The Motion Controller translates rewards from the Reward Translator into optimized robotic actions. The researchers have employed an open-source tool built on the MuJoCo simulator called MJPC. MJPC designs a series of refined actions during each control interval, which are then transmitted to the robot. The robot then executes the action relevant to its current timeframe, moves to the succeeding step, and forwards the refreshed robot conditions to the MJPC for the commencement of the following planning stage. The regular replanning inherent in MPC offers resilience against system uncertainties and crucially facilitates dynamic motion design and adjustments.

Results

The team has used two simulated robotic systems, a quadruped robot and a dexterous robot manipulator, for evaluation. They create a varied assortment of tasks for each robot to showcase the effectiveness of our suggested system. The researchers compared their method to two baselines. First is the Reward Coder, where an LLM directly translates user commands to reward code, bypassing the Motion Descriptor.
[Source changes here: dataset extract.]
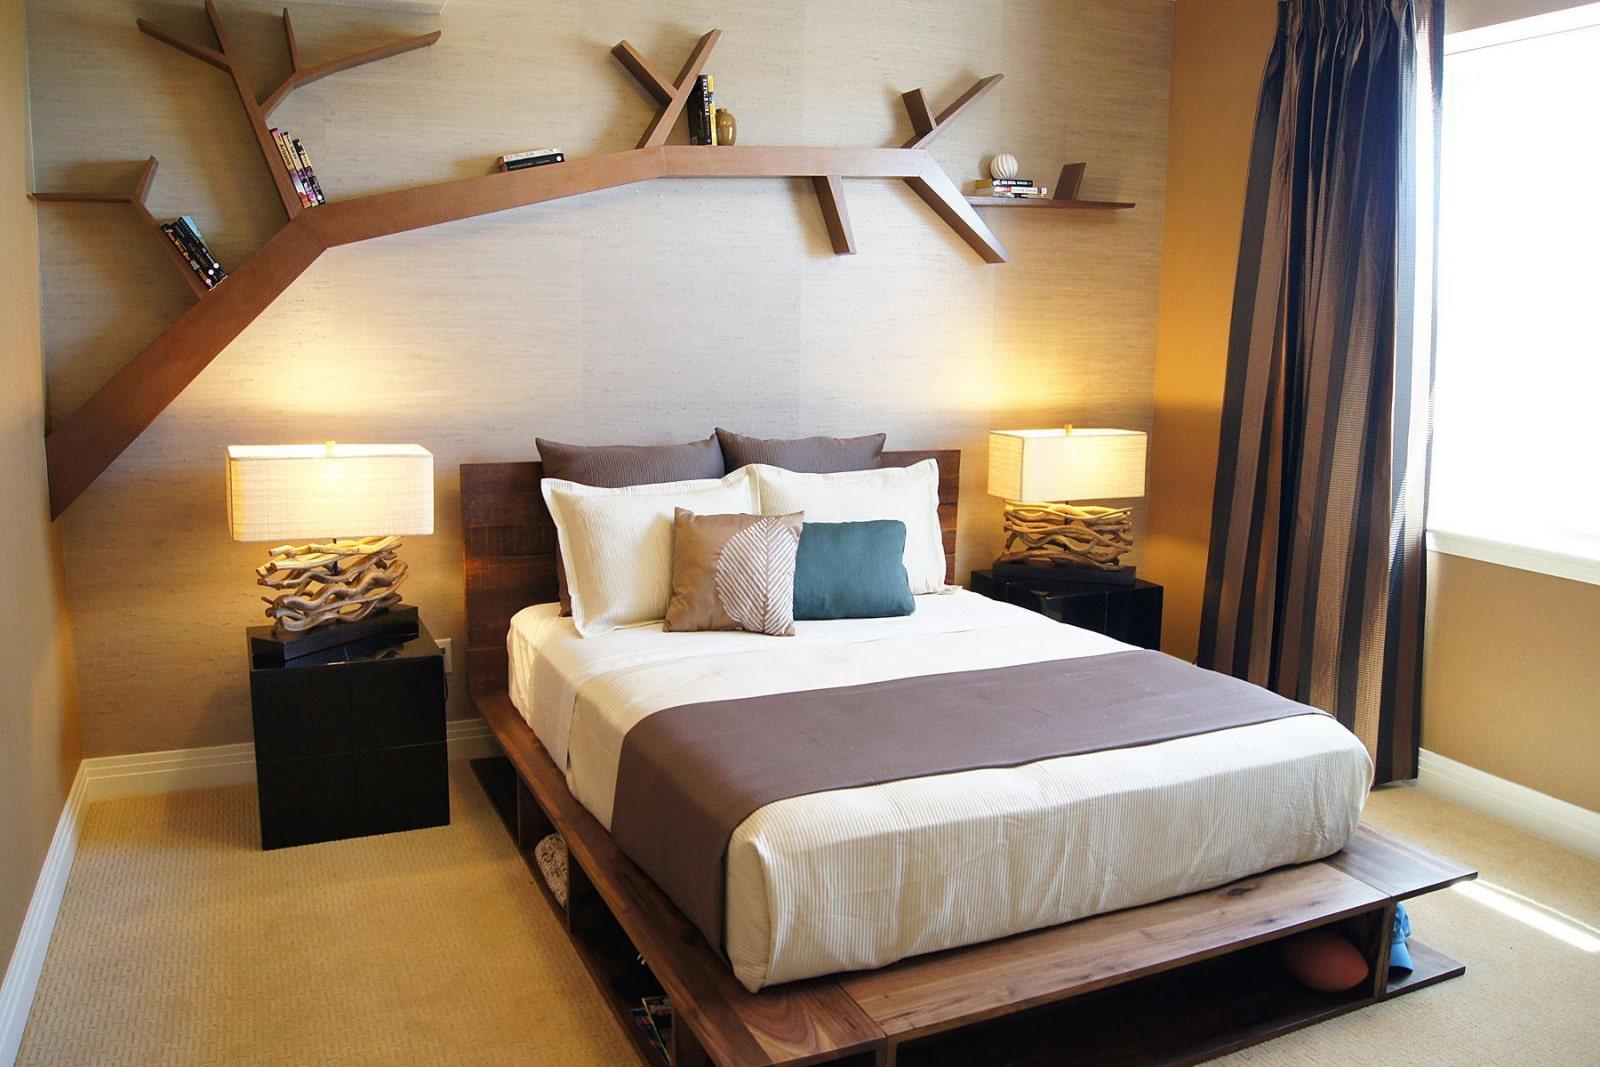 полки для спальни

Second, the Code-as-Policies approach, where the LLM uses predefined robot skills instead of reward functions. These skills are based on common robot commands. The results have shown that it excels in 11 of 17 task categories and matches performance in the rest, emphasizing its effectiveness.

Results

Validation on real hardware

The researchers applied their method to a mobile manipulator using the F-VLM detector to identify objects in images. Extracting points from the point cloud, they reject background outliers and use a minimal rectangle from a bird’s eye view to measure the z-axis. Demonstrating sim-to-real transfer for object pushing and grasping, the system produces the correct reward code, and Mujoco MPC creates the desired motions.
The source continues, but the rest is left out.